--- Problem description ---
Each entry in the block below needs to be copied out exactly.

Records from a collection

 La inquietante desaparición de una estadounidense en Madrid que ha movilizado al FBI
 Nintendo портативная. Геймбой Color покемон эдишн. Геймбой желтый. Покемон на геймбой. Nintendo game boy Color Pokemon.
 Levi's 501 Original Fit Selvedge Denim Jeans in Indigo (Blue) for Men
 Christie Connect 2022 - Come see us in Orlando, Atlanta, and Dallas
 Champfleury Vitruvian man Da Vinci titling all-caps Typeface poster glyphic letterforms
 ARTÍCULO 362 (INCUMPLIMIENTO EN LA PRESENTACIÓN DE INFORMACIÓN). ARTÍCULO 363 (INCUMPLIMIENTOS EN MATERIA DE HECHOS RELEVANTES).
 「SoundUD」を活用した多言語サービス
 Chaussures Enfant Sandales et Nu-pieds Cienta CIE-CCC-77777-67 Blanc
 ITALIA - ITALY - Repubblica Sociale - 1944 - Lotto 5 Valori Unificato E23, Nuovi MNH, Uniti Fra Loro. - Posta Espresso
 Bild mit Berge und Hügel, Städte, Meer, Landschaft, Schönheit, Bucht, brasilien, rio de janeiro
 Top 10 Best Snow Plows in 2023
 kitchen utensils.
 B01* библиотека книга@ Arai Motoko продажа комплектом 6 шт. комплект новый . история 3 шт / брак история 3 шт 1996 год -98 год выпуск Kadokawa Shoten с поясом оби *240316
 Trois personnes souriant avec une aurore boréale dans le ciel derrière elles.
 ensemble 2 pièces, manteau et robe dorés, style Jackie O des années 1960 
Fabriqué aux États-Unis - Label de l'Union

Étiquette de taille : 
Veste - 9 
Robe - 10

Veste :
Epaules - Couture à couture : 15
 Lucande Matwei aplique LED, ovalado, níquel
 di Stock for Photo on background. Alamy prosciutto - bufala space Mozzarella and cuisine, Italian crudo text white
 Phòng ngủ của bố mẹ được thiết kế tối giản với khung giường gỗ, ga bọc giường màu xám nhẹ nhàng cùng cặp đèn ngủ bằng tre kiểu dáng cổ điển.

--- Answer box ---
 La inquietante desaparición de una estadounidense en Madrid que ha movilizado al FBI
 Nintendo портативная. Геймбой Color покемон эдишн. Геймбой желтый. Покемон на геймбой. Nintendo game boy Color Pokemon.
 Levi's 501 Original Fit Selvedge Denim Jeans in Indigo (Blue) for Men
 Christie Connect 2022 - Come see us in Orlando, Atlanta, and Dallas
 Champfleury Vitruvian man Da Vinci titling all-caps Typeface poster glyphic letterforms
 ARTÍCULO 362 (INCUMPLIMIENTO EN LA PRESENTACIÓN DE INFORMACIÓN). ARTÍCULO 363 (INCUMPLIMIENTOS EN MATERIA DE HECHOS RELEVANTES).
 「SoundUD」を活用した多言語サービス
 Chaussures Enfant Sandales et Nu-pieds Cienta CIE-CCC-77777-67 Blanc
 ITALIA - ITALY - Repubblica Sociale - 1944 - Lotto 5 Valori Unificato E23, Nuovi MNH, Uniti Fra Loro. - Posta Espresso
 Bild mit Berge und Hügel, Städte, Meer, Landschaft, Schönheit, Bucht, brasilien, rio de janeiro
 Top 10 Best Snow Plows in 2023
 kitchen utensils.
 B01* библиотека книга@ Arai Motoko продажа комплектом 6 шт. комплект новый . история 3 шт / брак история 3 шт 1996 год -98 год выпуск Kadokawa Shoten с поясом оби *240316
 Trois personnes souriant avec une aurore boréale dans le ciel derrière elles.
 ensemble 2 pièces, manteau et robe dorés, style Jackie O des années 1960 
Fabriqué aux États-Unis - Label de l'Union

Étiquette de taille : 
Veste - 9 
Robe - 10

Veste :
Epaules - Couture à couture : 15
 Lucande Matwei aplique LED, ovalado, níquel
 di Stock for Photo on background. Alamy prosciutto - bufala space Mozzarella and cuisine, Italian crudo text white
 Phòng ngủ của bố mẹ được thiết kế tối giản với khung giường gỗ, ga bọc giường màu xám nhẹ nhàng cùng cặp đèn ngủ bằng tre kiểu dáng cổ điển.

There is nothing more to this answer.